Mysteries of a Barbershop was created during a month-long pause before the beginning of rehearsals for Bertolt Brecht's early drama, In the Jungle of Cities at the Munich National Theatre, in February 1923. Brecht and Erich Engel (the director of In the Jungle), assembled a cast that included Karl Valentin, Liesl Karlstadt (Valentin's cabaret partner), Erwin Faber (the leading actor in Munich at the time and star of Brecht's three staged plays in Munich - Drums in the Night, In the Jungle of Cities, and the forthcoming Edward II), Max Schreck (soon to be a leading film actor in such films as Nosferatu), comic actor Josef Eichheim, character actor Kurt Horwitz, Carola Neher (later to play the lead in Brecht's Happy End and the role of Polly in the film of Threepenny Opera) and the cabaretist (and wife of song writer, Friedrich Hollaender), Blandine Ebinger. The group improvised a series of comic and mock-romantic scenes, which, according to one critic, "contains enough cruelty jokes to have made WC Fields envious."

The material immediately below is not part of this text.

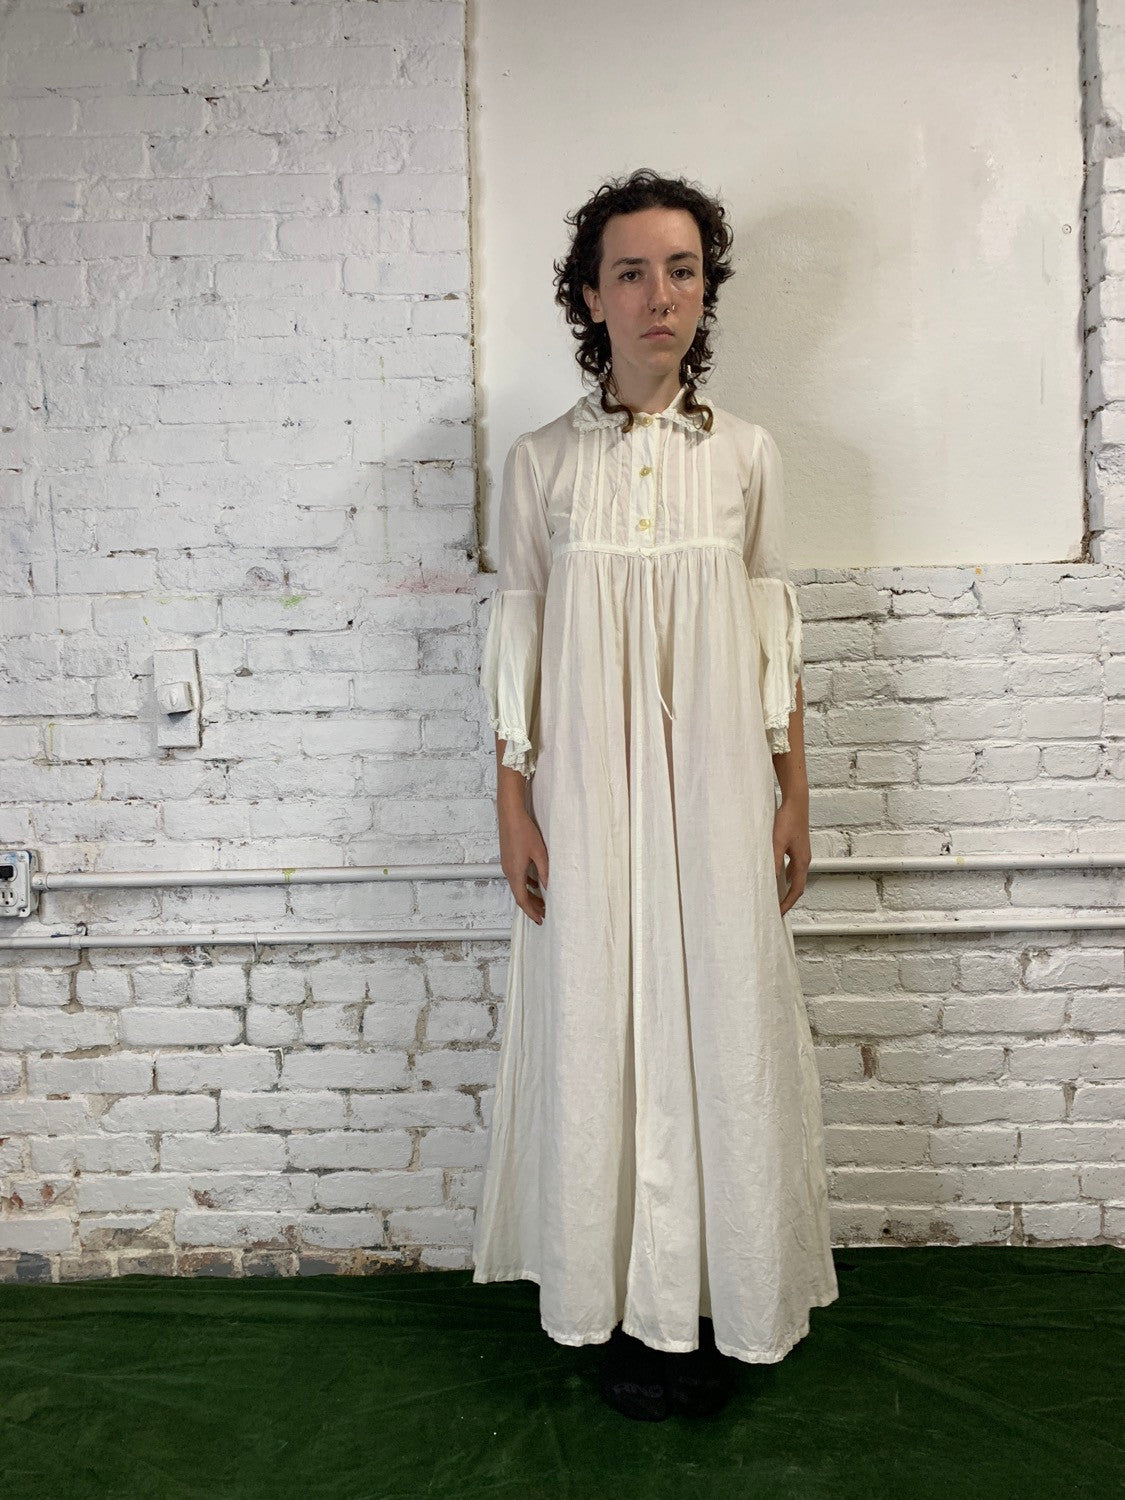 Early Laura Ashley 'Made in Wales' White Night Dress
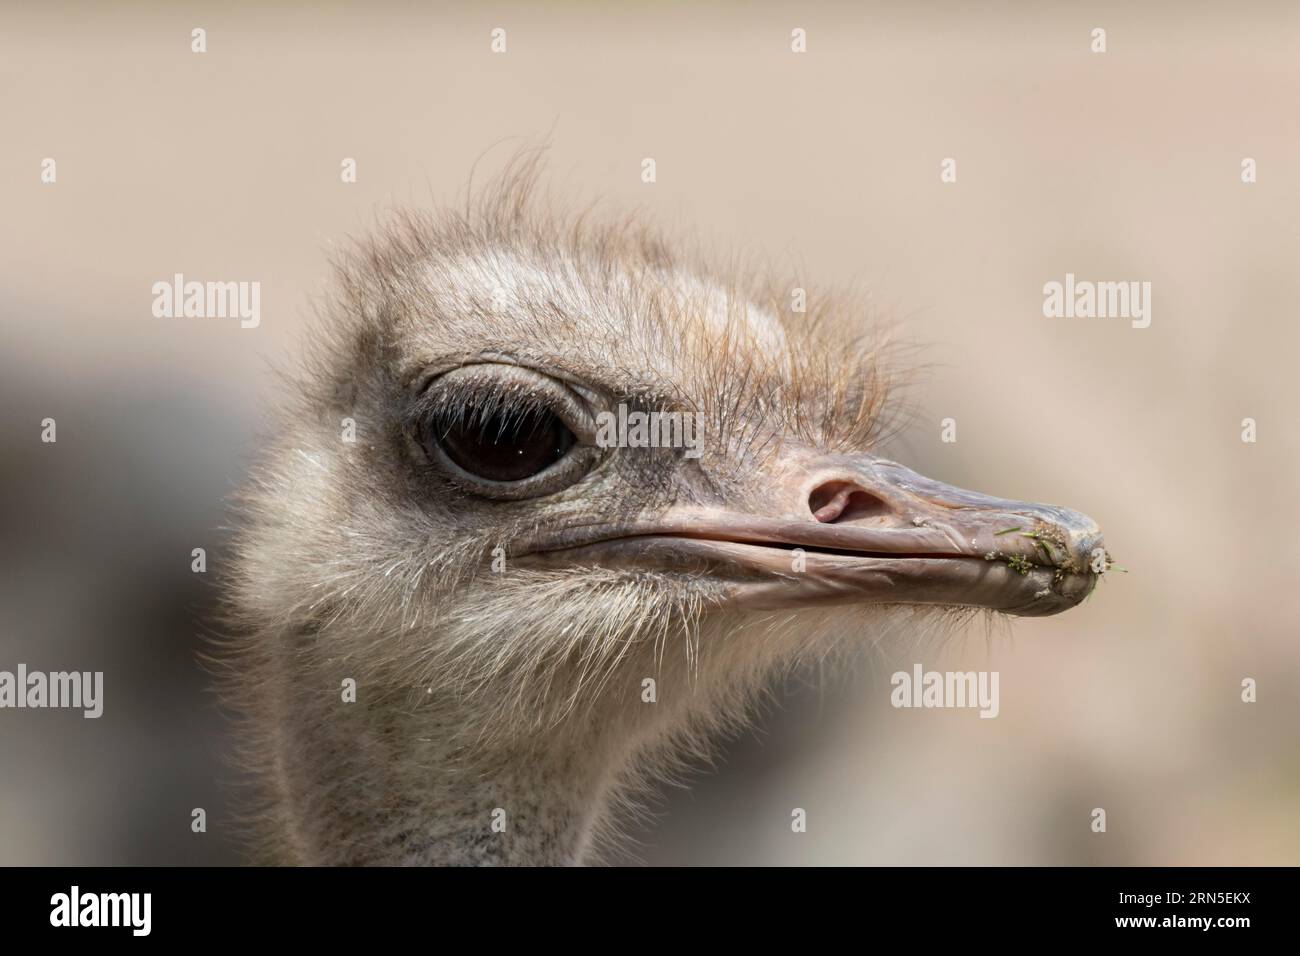 South African ostrich (Struthio camelus australis), animal portrait, captive, Germany Stock Photo

The finale of Faber and Ebinger kissing (photo, right) illustrates one of Brecht's first uses of the mock-romantic "happy ending" that would become a signature of Brecht's work throughout the years of the Weimar Republic.
One critic aptly called the short film "dadaesque absurdity combine[d] with clownesque slapstick." Another reviewer called it "Karl Valentin meets Dada and the Marx Brothers."